Em meio à epidemia de zika, o país acelerou para o desmantelamento do SUS

Por Cida de Oliveira.

Da RBA.

O ano que começou com esforços do governo Dilma Rousseff para conter o avanço da epidemia de zika e as suas graves consequências, como o aumento de casos de microcefalia associados ao contágio pelo vírus na gestação – o que incluiu aporte de investimentos para pesquisas, vacinas e para amparo de vítimas – termina com o agravamento de outra doença: o subfinanciamento do SUS.

PEC da morte

Mal crônico, os recursos insuficientes para custear o maior sistema público de saúde do mundo deverá dar entrada na UTI nos próximos anos. A causa: o impacto do congelamento dos investimentos federais no setor com a aprovação da Emenda Constitucional 95/2016. A proposta foi encaminhada ao Congresso pelo governo de Michel Temer (PMDB), pouco depois do impeachment da presidenta Dilma.
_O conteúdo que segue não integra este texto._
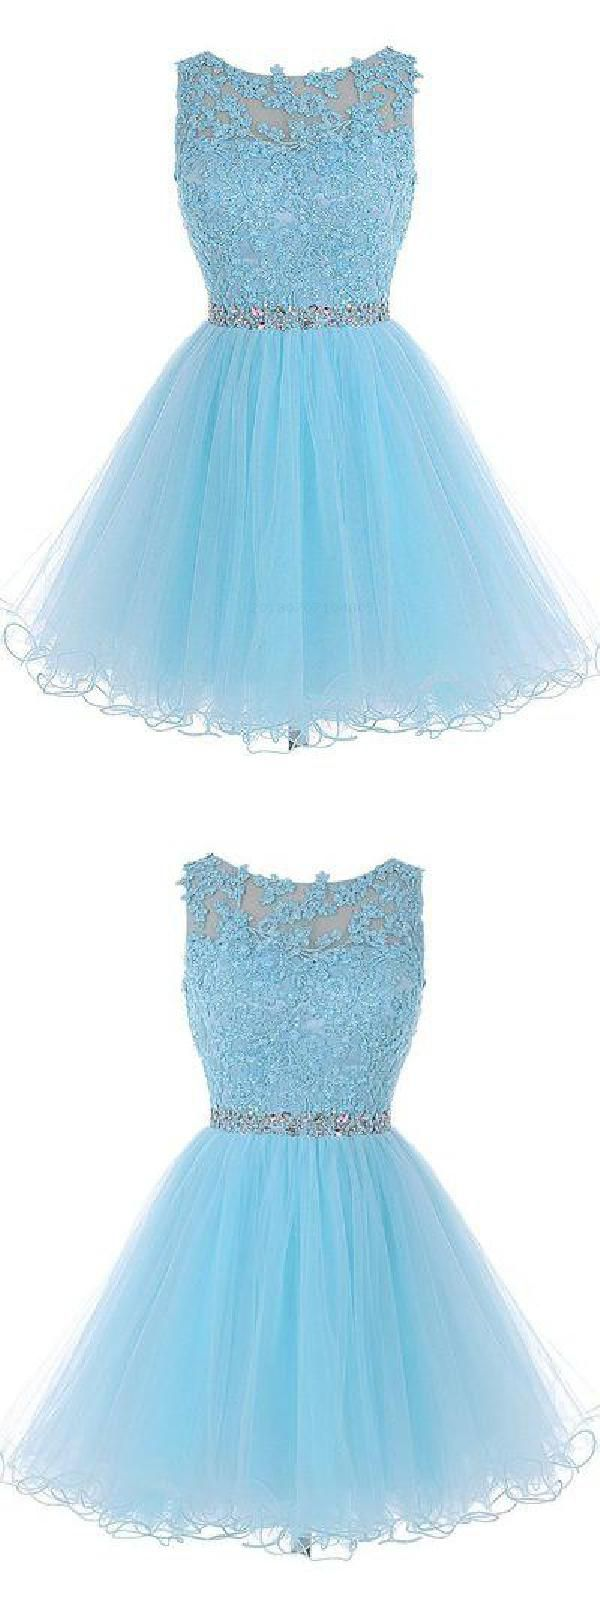 Discount nice short homecoming dress blue homecoming dress
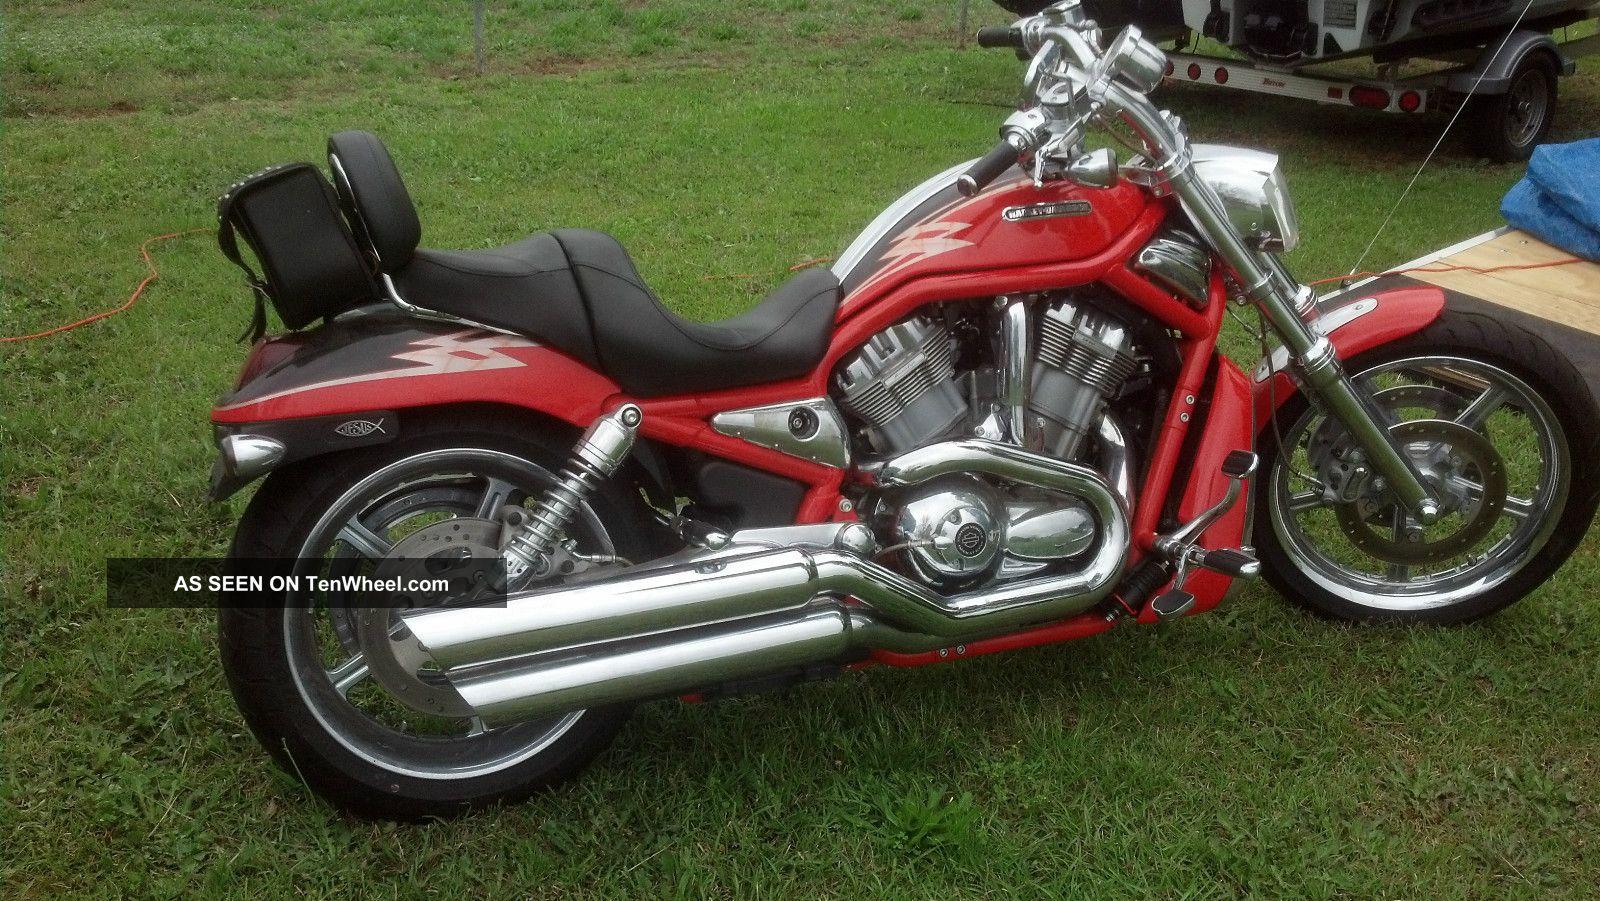 2005 Harley Davidson Cvo Screamin Eagle V - Rod Vrscse VRSC photo

O Conselho Nacional de Saúde estima perdas da ordem de R$ 135 bilhões a R$ 400 bilhões nos 20 anos de vigência da medida.

Compromisso privado

Para analistas da Saúde, o golpe de Michel Temer à saúde pública começou com a escolha do nome do ministro, Ricardo Barros. “O governo Temer colocou para gerenciar a pasta de maior orçamento do Planalto um engenheiro civil sem qualquer experiência em gestão da saúde. Quando deputado federal (PP-PR), votou a favor da PEC 358, que alterou o cálculo de destinação de recursos para o SUS, diminuindo assim os repasses”, aponta o farmacêutico Leandro Farias, coordenador da organização Chega de Descaso, do Rio de Janeiro, que atua na defesa do SUS.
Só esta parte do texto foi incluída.